Look, they said this about us using Google. Oh no. The Dewey Decibel System [sic]
And then twenty years later, I'm pretty convinced that the online siloing has worn us down. A lot of us. But the problems that came weren't what the reactionaries were going on about. It never is.
It's been ten years since my friend and I were saying as I was walking out the door, "This whole internet thing, let just.." "...yeah, let's turn it off." There was profound sense of optimism in the early internet. We saw it together, and we knew it hadn't worked out, that it was stabilizing onto a kind of bad trajectory.
I still don't think the optimism was wrong. I think we're in some kind of perverse equilibrium where there are dams exist that, if they did not, would lead to some wildly different world rushing in, like what if you came to realize one day that 9/11 and all its self-inflicted after-effects never happened levels of mass self-transformation.

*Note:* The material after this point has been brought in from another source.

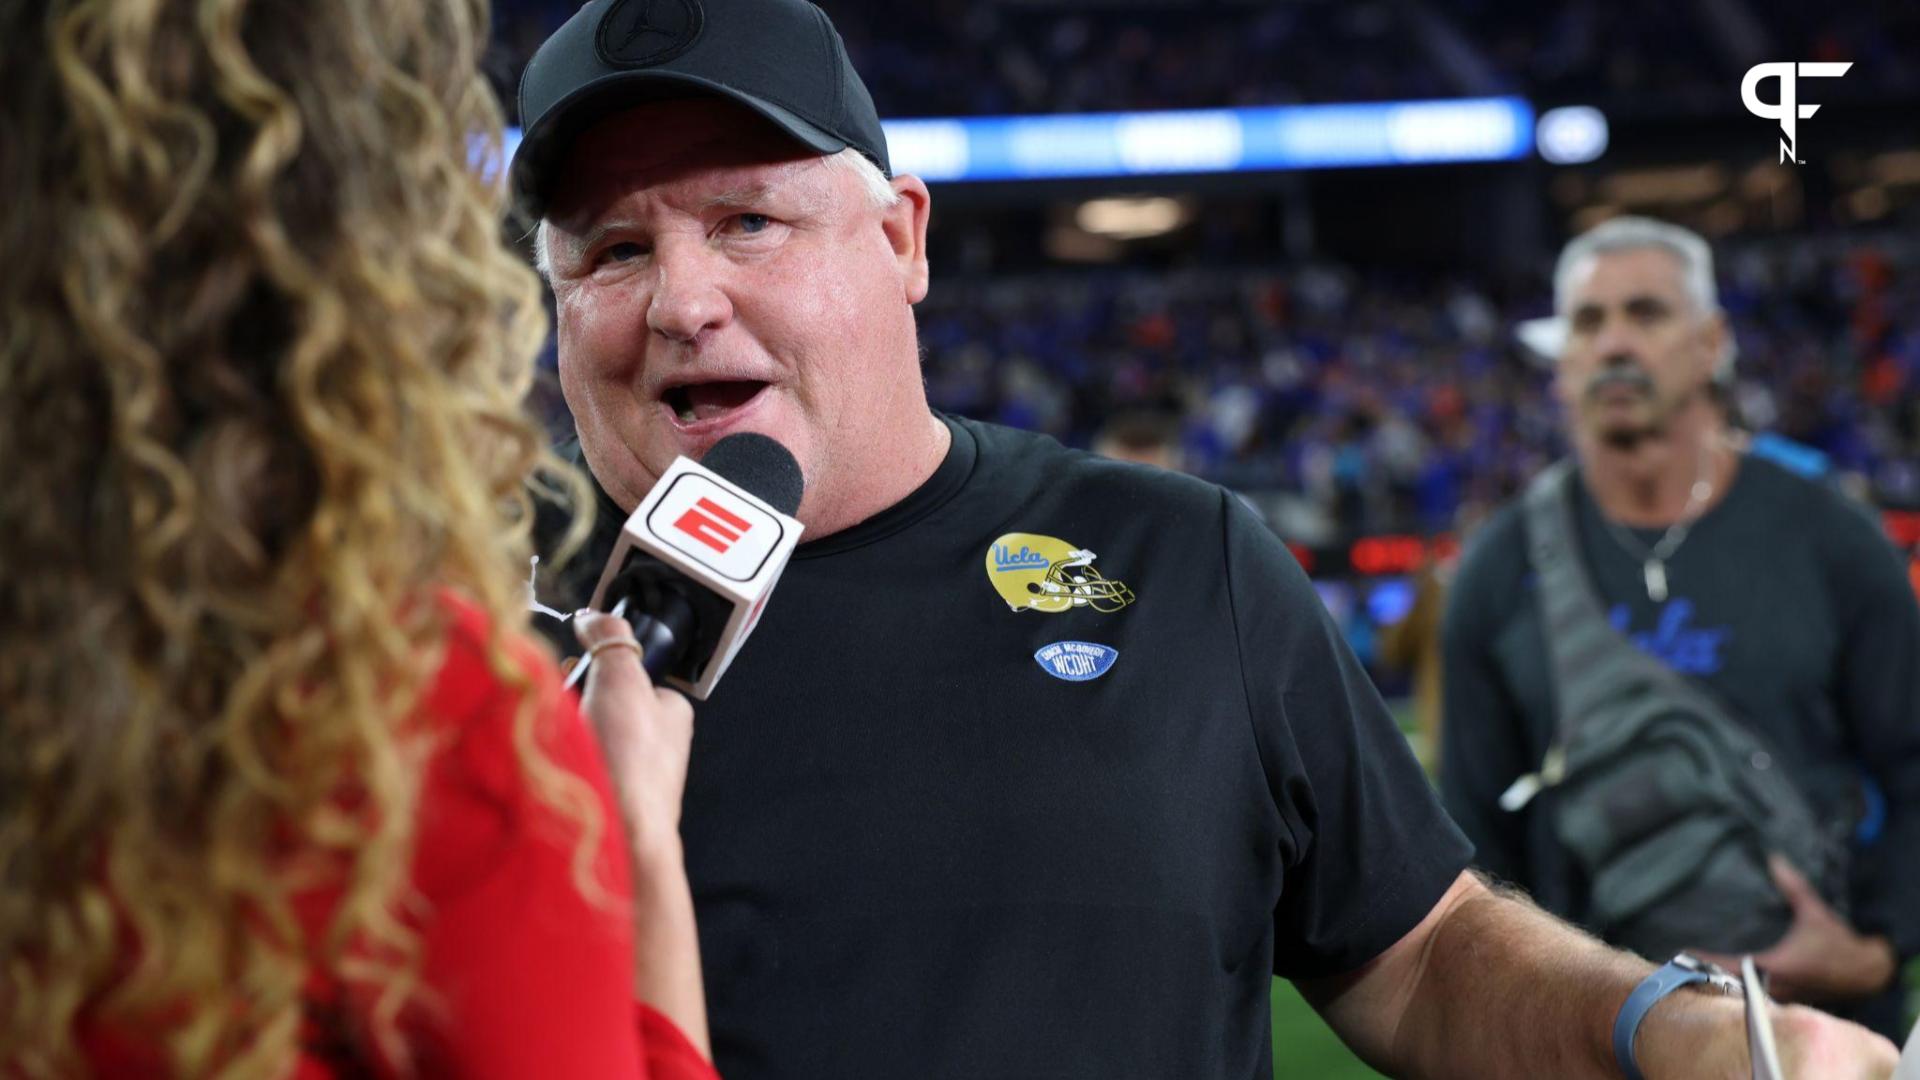 UCLA Bruins head coach Chip Kelly speaks at post game interview after defeating the Boise State Broncos 35-22 during the LA Bowl at SoFi Stadium.

Someone else brought up surveillance economy, and that's really relevant here and to what I'm doing. I think the ad-economy alone has a lot of perverse incentive that has basically destroyed journalism and the meaning of credibility for now. But the idea of the surveillance economy is right about how the pieces fit together like cursed legos. We have content that is addictive but not entertaining being used to serve us ads for things we don't need.
It's not just that we need to commercialize open source if it will ever reach mass market. We have to better monetize independent media for its goodness and coherence with reality or we're never going to have a shared set of facts in our social consciousness again.